I have found three posts on stackexchange related to this question, namely post A, post B, and post C. Using methods available to someone who has just read Chapter 3 of Apostol's text, the best solution to this question would seem to be apatch's response to post A.

The method boils down to showing the following identity $$\sum_{d>x}\frac{\mu(d)\log d}{d^2} = O\left(\frac{\log x}{x}\right).$$

This is where I get unstuck. The first step is clearly $$\left|\sum_{d>x}\frac{\mu(d)\log d}{d^2}\right| \leq \sum_{d>x}\frac{\log d}{d^2}$$ but then what do you do with what remains?

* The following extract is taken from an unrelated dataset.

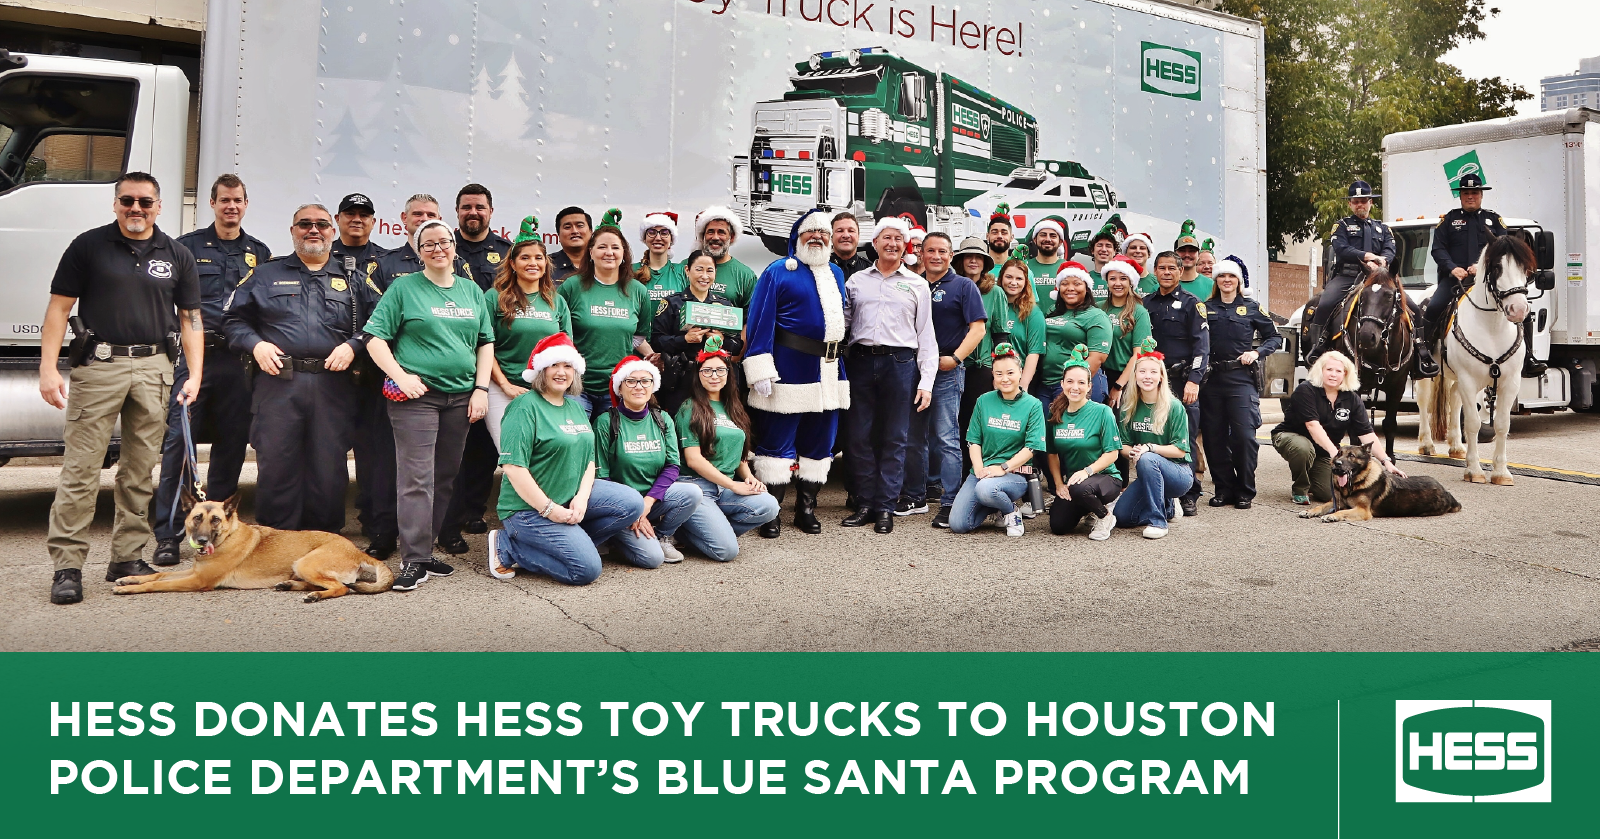 Hess Donates Hess Toy Trucks to Houston Police Department’s Blue Santa Program

One solution I found simply jumps from here to $O(\frac{\log x}{x})$, which seems non-trivial. Apatch's solution in post A does the following: $$\sum_{d>x}\frac{\log d}{d^2}=\sum_{d>x}\frac{\log d}{d^\frac{1}{2}}.\frac{1}{d^\frac{3}{2}}<\frac{\log x}{x^\frac{1}{2}}\sum_{d>x}\frac{1}{d^\frac{3}{2}}$$ but I don't see how can you justify the inequality, since $\frac{\log x}{\sqrt{x}}$ only reaches its maximum until around $x\approx 7.39$, which is well above the $x>2$ condition stated in the question.

Eric Naslund's solution to post C states that $$\sum_{d> x}\frac{\mu(d)\log d}{d^2}=O(1/x)$$ but this less elementary result is presumably even harder to derive.

Can anyone identify the "correct" answer, and explain why?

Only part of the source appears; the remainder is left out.